Case ID: ohio-law-abs_6/html/0531-02.html
Source: Caselaw Access Project
Author: {"author": "VICKERY, J.", "license": "Public Domain", "url": "https://static.case.law/"}
Date Created: 2024-08-24T03:29:51.129683

INDUST. COMM. v. TERRELL.
    Ohio Appeals, 8th Dist., Cuyahoga Co.
    No. 8566.
    Decided June 18, 1928.
    First Publication of This Opinion.
    Syllabus by Editorial Staff.
    261. COMMON LAW WIFE — 1283. Workmen’s Compensation.
    Common Law Wife entitled to award by Industrial Commission for balance of sum not already drawn, that has been awarded to her husband.
    Error to Common Pleas.
    Judgment affirmed.
    Edward C. Turner, Atty. Gen., Columbus, and John A. Elden, Cleveland, for Industrial Com.
    Cerrezin & Wilson, Cleveland, for Terrell.
   PULL TEXT.

VICKERY, J.

This cause comes into this court on a petition in error to the Common Pleas Court of Cuyahoga County.

In the court below Minnie Terrell took an appeal from the refusal of the Industrial Commission of Ohio to permit her to participate in the fund as the wife of the deceased employee. It seems that Joseph Terrell was an employee of The McKinney Steel Company, which Company! was a contributor to the Industrial Commission Fund, and while in the course of his employment he was injured in one of his eyes and he made application for compensation under the rules of the Industrial Commission and was allowed temporary disability. It subsequently developed that the injury resulted in a total loss of the injured eye, and an application was made to the Industrial Commission for a permanent partial disability. This application was granted and he was allowed compensation for $18.75 per week, or two-thirds of his weekly wage, for a period of one hundred weeks, or $1,875.00 in all. Shortly after such award was made to him he died, from a cause not in any way connected with his employment, whereupon an application was made on the part of Minnie Terrell, his wife, for the continuance of the payment to her of the amount allowed to him. After hearing her application the Industrial Commission refused it on the ground that there seems to have been some suspicion that maybe she was not the wife of Terrell, or to use their words:

“The balance of the permanent partial award should not be granted the claimant on the grounds of dependency. Proof of dependency on the part of the alleged common law wife and the alleged adopted son, is not as clear as it might have been reported upon.
“RECOMMENDATION: That the application for rehearing be dismissed and that the claimant be advised that she is entitled to no further consideration; and that the balance of the permanent partial award granted on May 29, 1925, be restored to the fund.”

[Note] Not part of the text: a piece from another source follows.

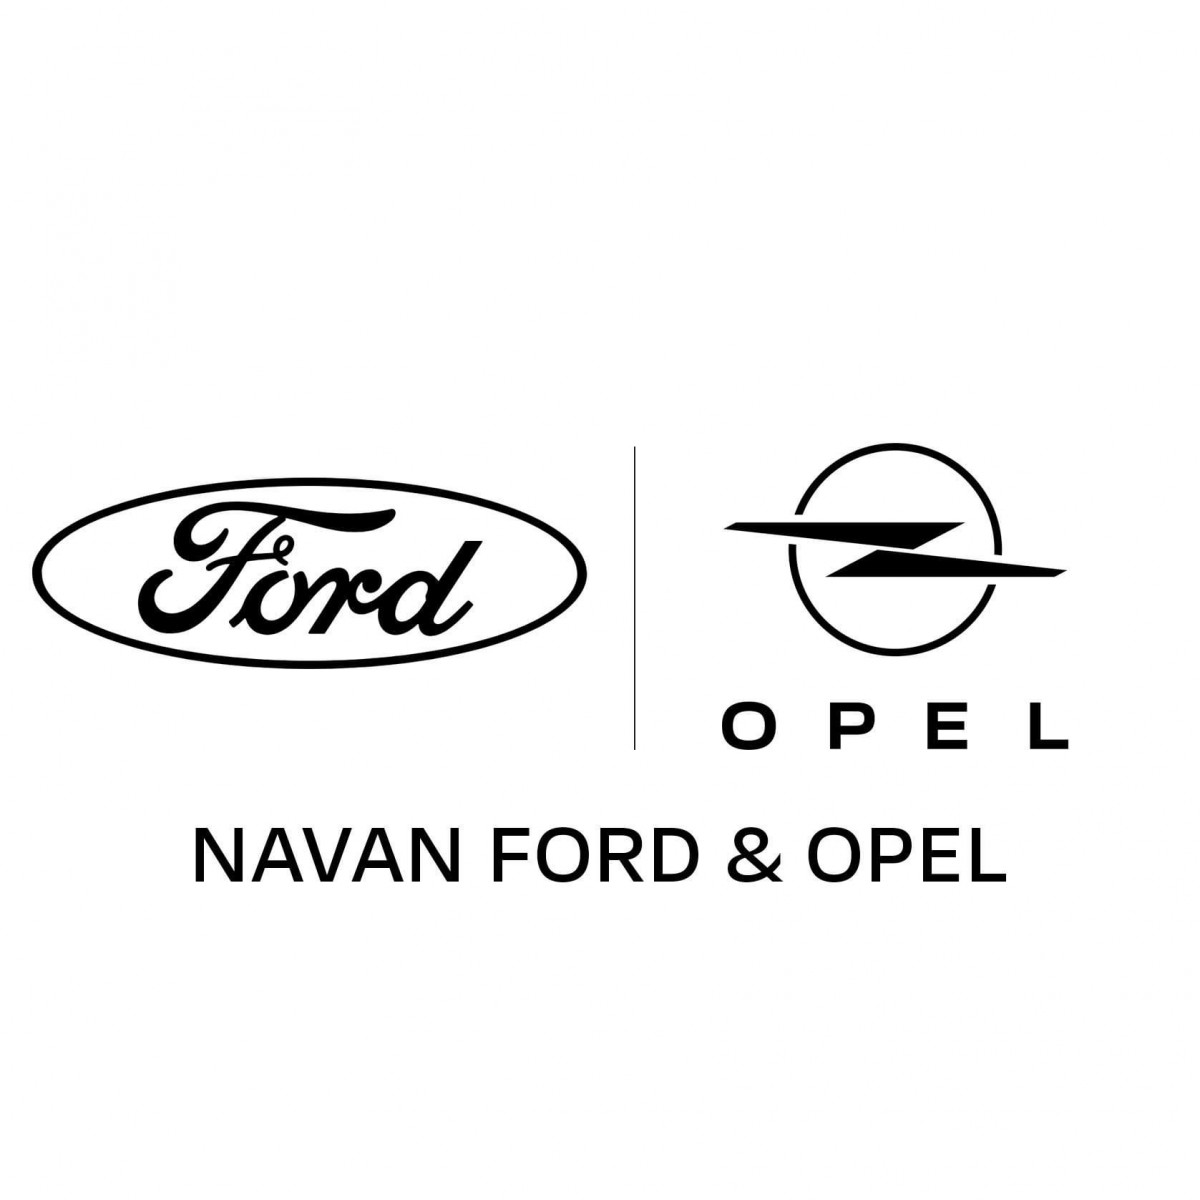 Navan Ford & Opel

Within the time allowed by law she took an appeal from such refusal to allow her to participate, to the Court of Common Pleas, in which case a jury was waived, and it was submitted to the Court, and the Court having heard the evidence which had been introduced before the Commission, found for the plaintiff and awarded her the balance of the sum- not already drawn that had been awarded to the husband. The record in this case shows by evidence that was before the court and had theretofore been before the Commission, beyond question that this man and woman had entered into a contract followed by co-habitation which clearly, under the law of Ohio, made a common law marriage and she was entitled to whatever rights a statutory wife might have been entitled to, and just why the Commission used the words that they did to dismiss this claim, it is a little difficult to understand. The probabilities are that no case is proven with such exact clearness as one would like, but if lawsuits were dismissed and rights disregarded for such a reason, it would go hard with many of the litigants in our courts.

At any event there was evidence in the record which would show that this woman was a dependent and was the wife of Joseph Terrell, and we ’ see no reason why this amount having been awarded to him, should not be paid to her as his dependent.

We can see no error in the judgment of the Court of Common Pleas and the same will, therefore, be affirmed.